Therefore, as a commissioning organisation we do not routinely hold medical records or confidential patient data. There are some limited exceptions where we may hold and use personal information about you; for example the ICB is required by law to perform certain services that involve the processing of sensitive personal information. This is known as special category information and includes records relating to health, sex life, race, ethnicity, political opinions, trade union membership, religion, genetics and biometrics.

The areas where we regularly use sensitive personal information include:

• a process where you or your GP can request special treatments that is not routinely funded by the NHS, which are known as Individual Funding Requests
• assessments for continuing healthcare (a package of care for those with complex medical needs) and appeals
• responding to your queries, compliments, complaints or concerns - such requests are processed by North of England Commissioning Support Unit on our behalf
• assessment and evaluation of safeguarding concerns – we have official authority to do this and to safeguard the rights and interests of individuals
• where there is a provision permitting the use of sensitive personal information under specific conditions, for example to:
  • understand the local population needs and plan for future requirements, which is known as “Risk Stratification for commissioning" – this is explained further later in this document
  • ensure that the ICB is billed accurately for the treatment of its patients, which is known as “invoice validation” – this is explained further later in this document
  • monitor access to services, waiting times and particular aspects of care, for which the ICB is considered to be an “accredited safe haven”.
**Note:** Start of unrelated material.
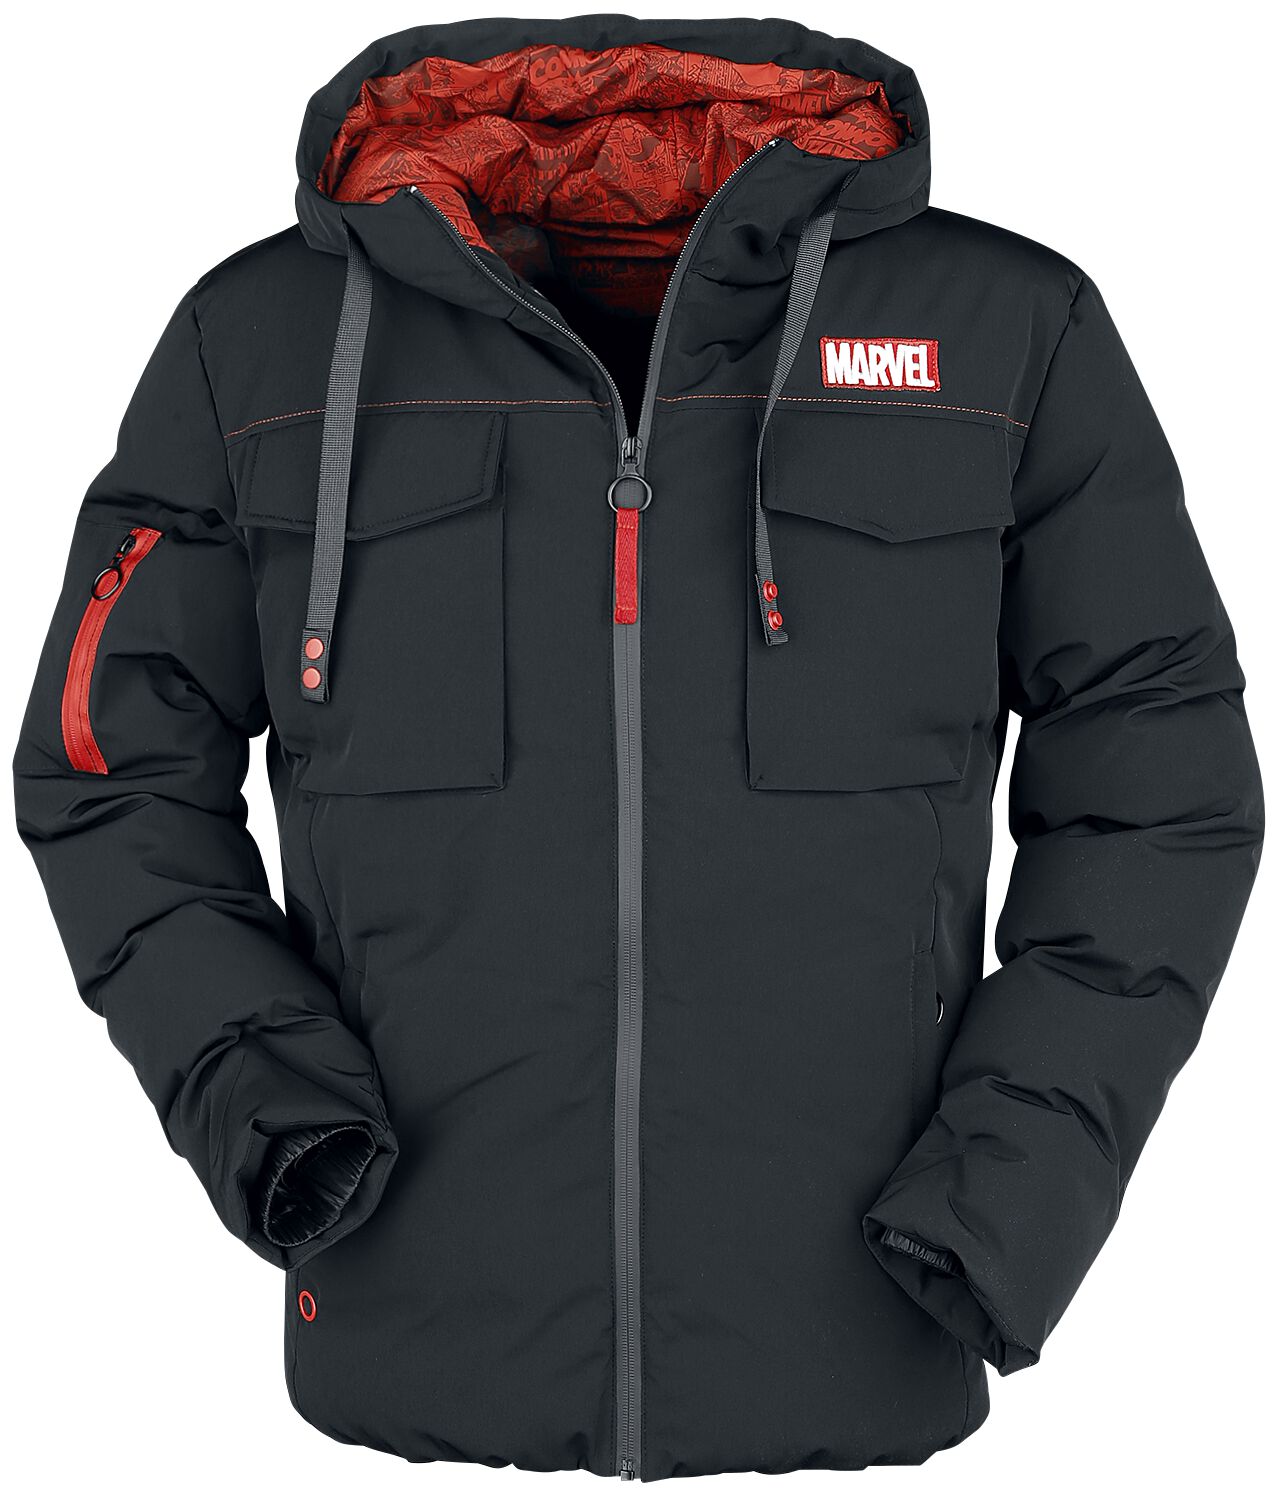 Marvel - Marvel Winterjacke - Marvel Logo - S bis XL - für Männer - Größe L - schwarz  - EMP exklusives Merchandise!

Sensitive personal information may also be used in the following cases:

• The information is necessary for your direct healthcare
• To respond to patients, carers or Member of Parliament communication
• We have received consent from individuals to be able to use their information for a specific purpose.
• There is an over-riding public interest in using the information e.g. in order to safeguard an individual, or to prevent a serious crime.
• There is a legal requirement that will allow us to use or provide information (e.g. a formal court order).
• For the health and safety of others, for example to report an infectious disease such as meningitis or measles.
• We have special permission for health and research purposes (granted by the Health Research Authority).
• We have special permission called a ‘section 251 agreement’ (Section 60 of the Health and Social Care Act 2001 as re-enacted by Section 251 of the NHS Act 2006) which allows the Secretary of State for Health to make regulations to set aside the common law duty of confidentiality for defined medical purposes.  An example of where this is used is in risk stratification. Further information can be found on the Health Research Authority’s web site

The following list includes examples of where we collect and use personal information. Please click on each of the following examples for information on the purpose, the type of information used, the legal basis identified for the collection and use of the information, how we collect and use the information required, any third parties we may share the information with and your rights regarding the use of the information including, where relevant, your right to opt out.

• Commissioning
• Risk Stratification
• Invoice Validation
• Complaints
• Individual Funding Requests (IFR)
• Continuing Healthcare
• Personal Health Budgets (PHBs)
• Safeguarding
• Patient and Public Involvement
• Serious Incident reports
• Freedom of Information requests
• Medicines Management
• Care and Treatment Reviews
• Referral Support Services
• Film and Promotional Materials
• Information for Job Applicants
• Human Resources
• Declarations of Interest
• National Fraud Initiative
• Population Health Management

Risk stratification

Risk stratification is targeted healthcare intervention which applies computer-based algorithms or calculations to identify those patients registered with the GP practice who are most at risk from certain medical conditions and who will benefit from clinical care to help prevent or better treat their condition.  Currently this is carried out via a section 251 agreement. We use the services of a health partner, North of England Commissioning Support Unit (NECS) to do this. Minimal identifiers are used for this purpose, such as NHS number, post code, date of birth; data may be linked with other data for the purpose of risk stratification. Further information can be found on NHS England’s web site here

Opting Out - If you do not wish information about you to be included in the risk stratification programme, please contact your GP Practice. They can add a code to your records that will stop your information from being used for this purpose. Further information about risk stratification is available from: https://www.england.nhs.uk/ourwork/tsd/ig/risk-stratification/

National Data Opt Out is available – this is explained further under the section entitled Your Right to Opt Out.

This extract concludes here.